0163EFA9: *[ 24.069514] 000000007d7af3c2: b30d0002..debr.%f0,%f2.debr.%f0,%f2

while r7 is the offset, and that one is way to big:

0000000000000224

If you add that to 0163EFA9, you'll see that we're outside of the buffer
and overwriting space after, which is console_drivers.

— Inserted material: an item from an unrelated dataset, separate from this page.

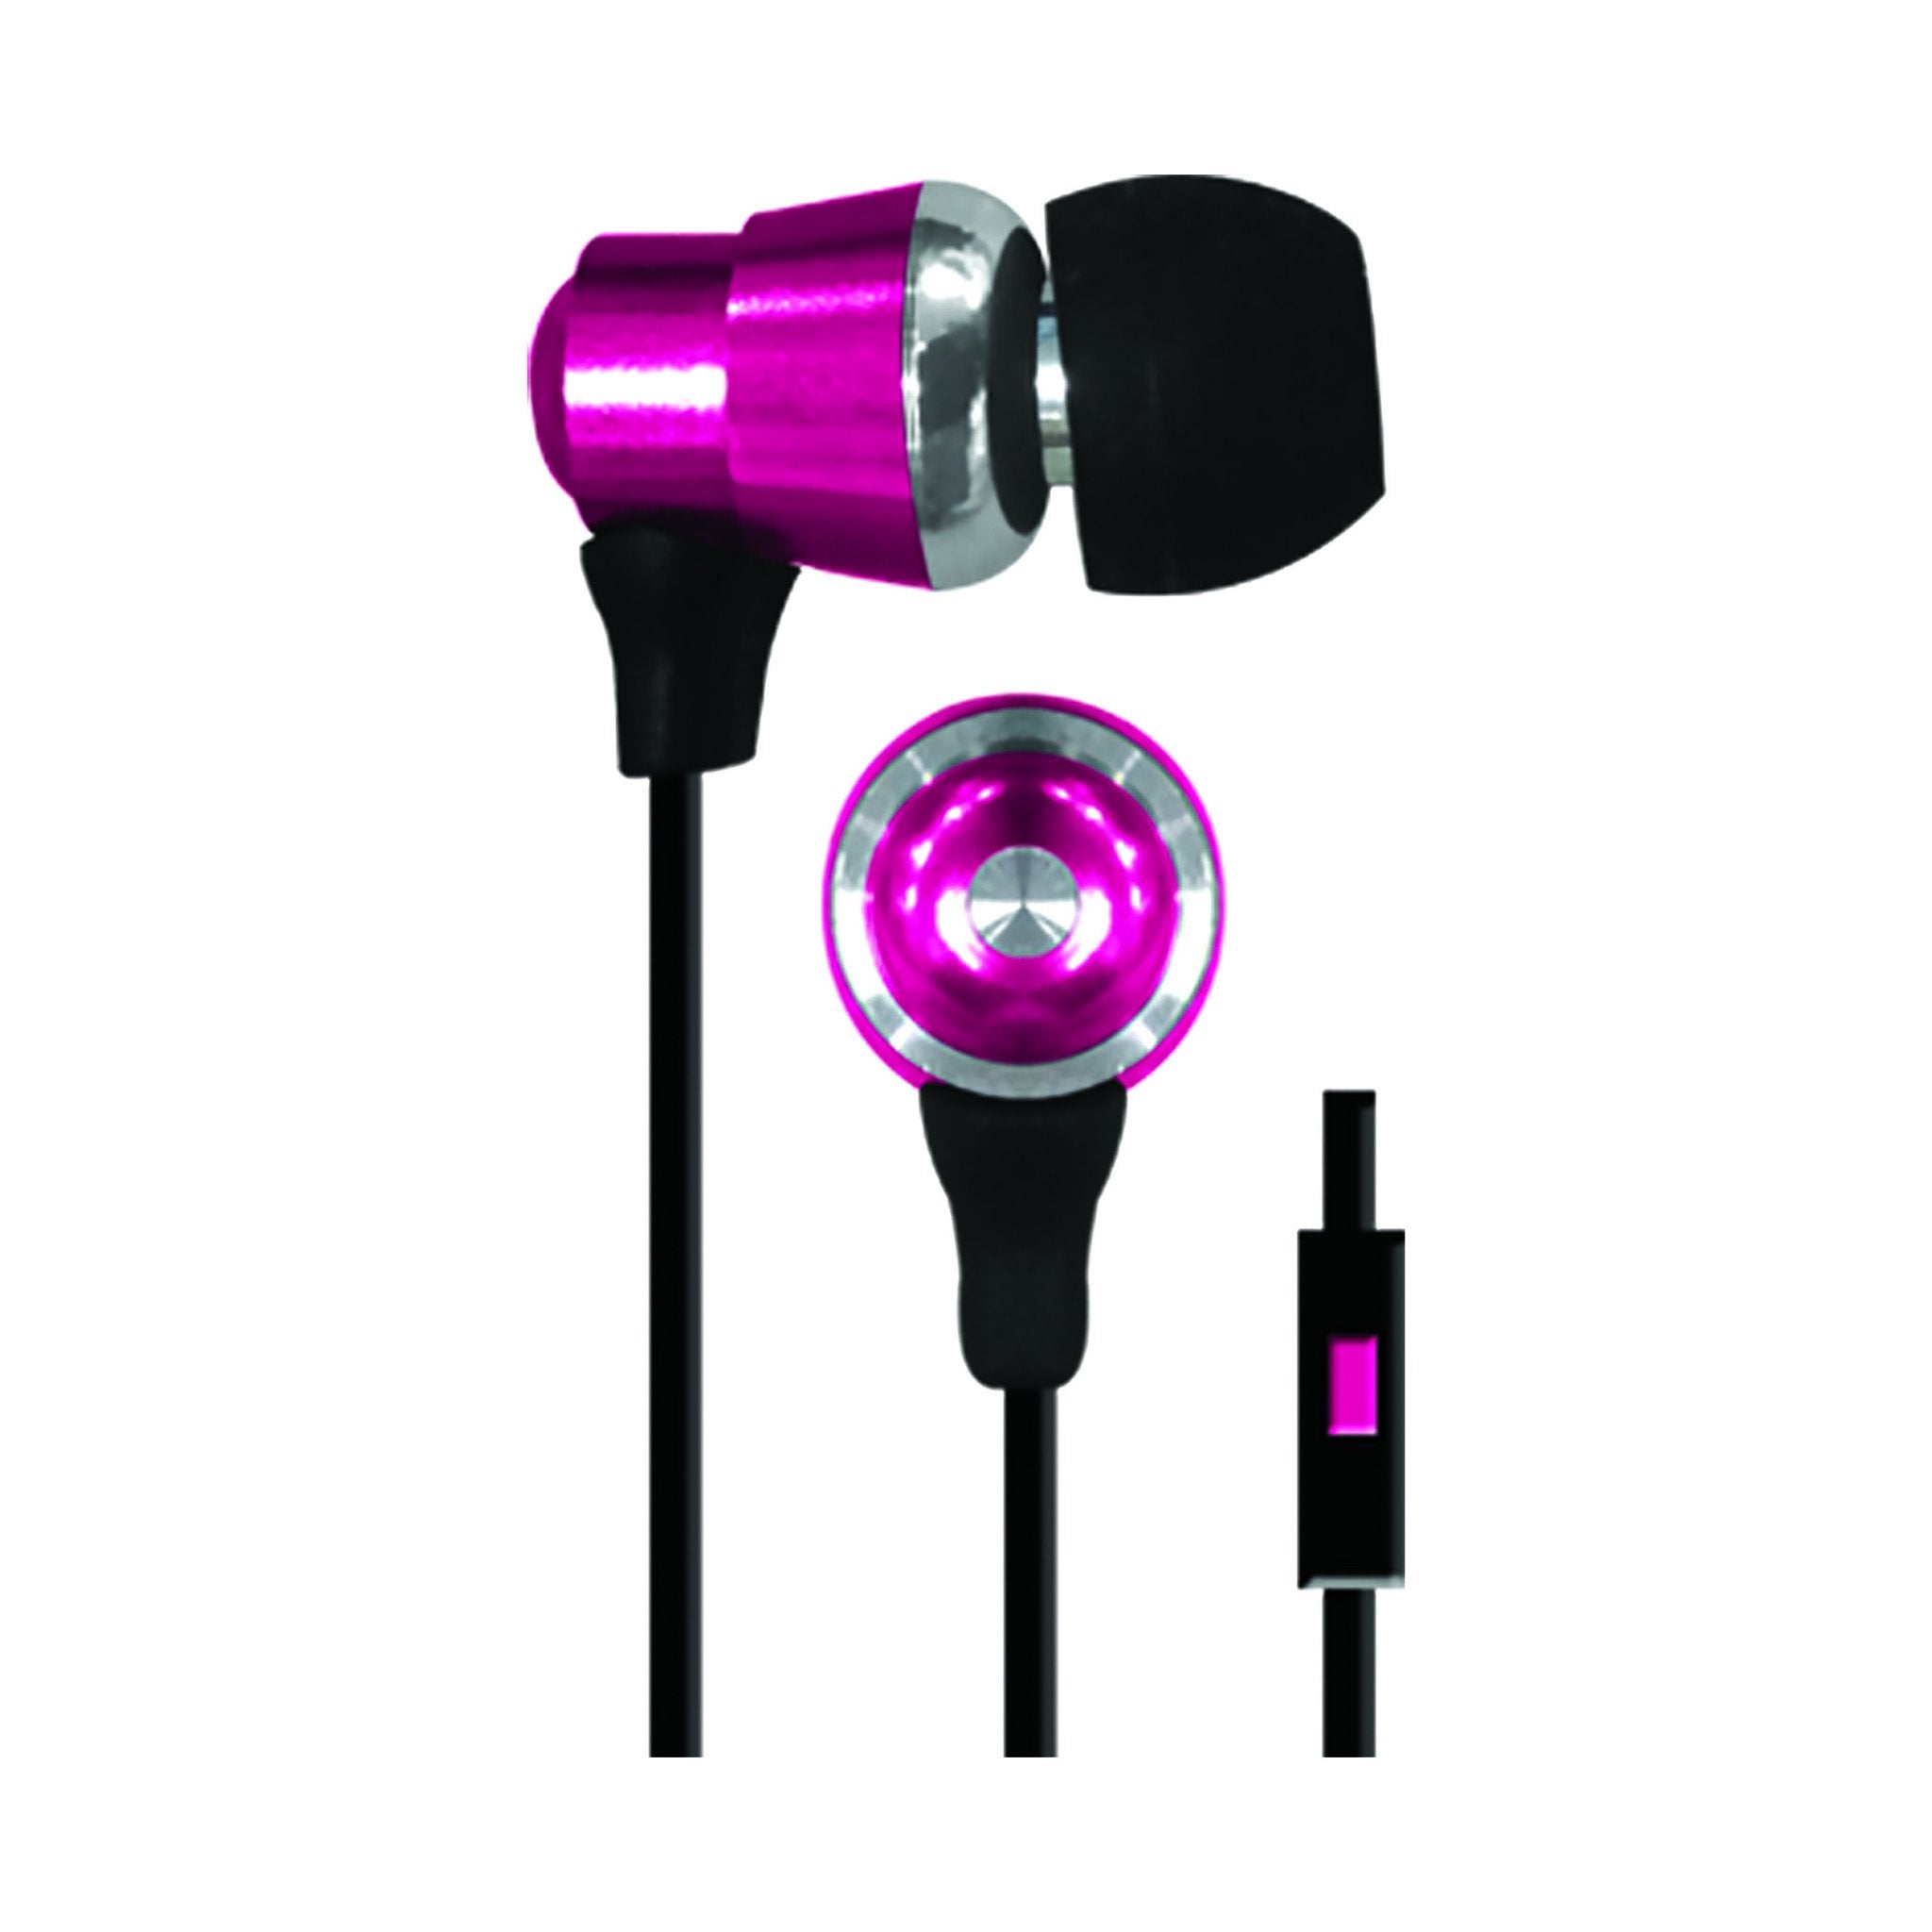 Metallic Stereo Earbuds
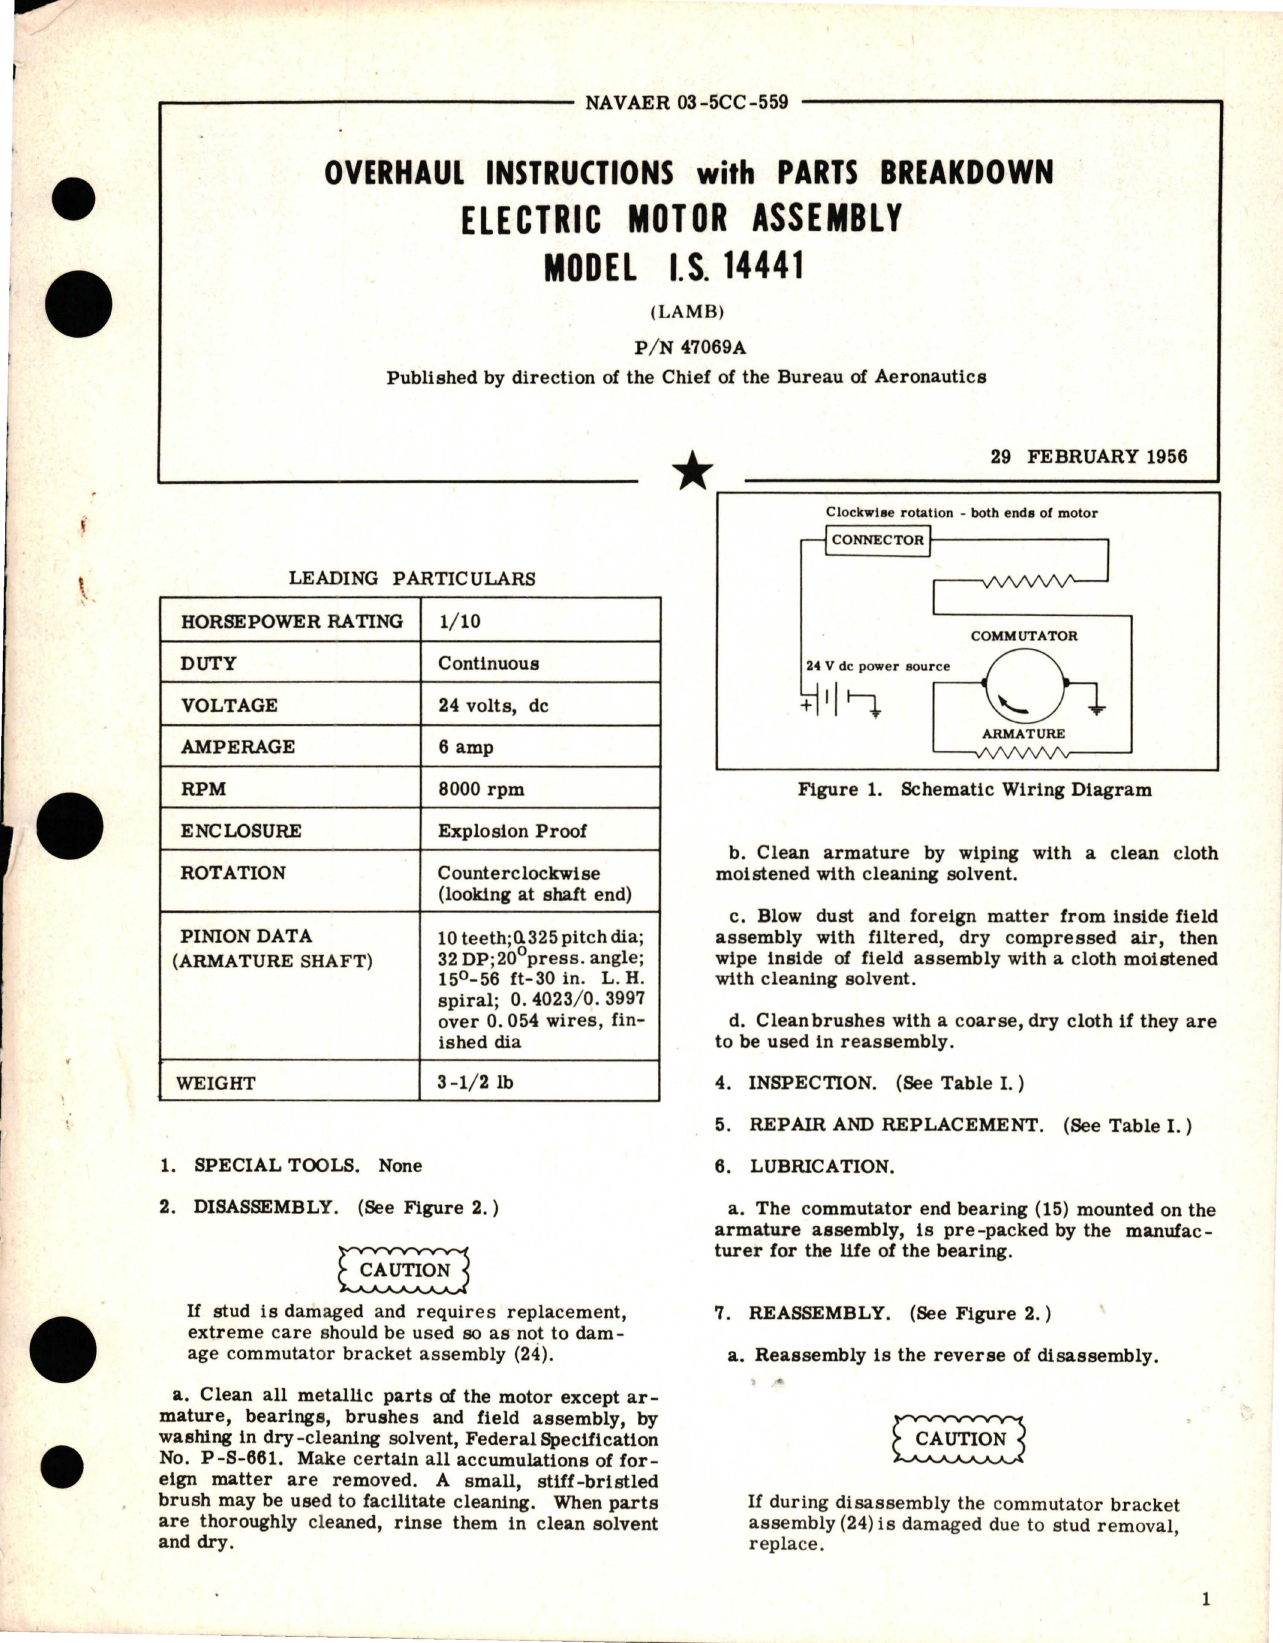 Sample page 1 from AirCorps Library document: Overhaul Instructions with Parts Breakdown for Electric Motor Assembly - Model IS 14441

The message it's trying to print is rather long, so the 0x224 could be
the size of the whole line:

This is not from the same crash, but this is how the message looks like
it's trying to print:

[ 23.960773] User Code: 000000007d7af3ba: 78005000 le %f0,0(%r5)
[ 23.960773] 000000007d7af3be: 78205004 le %f2,4(%r5)
[ 23.960773] #000000007d7af3c2: b30d0002 debr %f0,%f2
[ 23.960773] >000000007d7af3c6: a7280000 lhi %r2,0
[ 23.960773] 000000007d7af3ca: 07fe bcr 15,%r14
[ 23.960773] 000000007d7af3cc: 0707 bcr 0,%r7
[ 23.960773] 000000007d7af3ce: 0707 bcr 0,%r7
[ 23.960773] 000000007d7af3d0: c050000289ec larl %r5,000000007d8007a8

I'm pretty sure it's related to the way how the s390 disassembler
prints the buffer, it uses several pr_cont() calls, and it's crashing in the
last pr_cont("\n") (in arch/s390/kernel/dis.c - show_code());

I'm trying to get the content of the log buffer and other state, if
there's anything else i can provide let me know.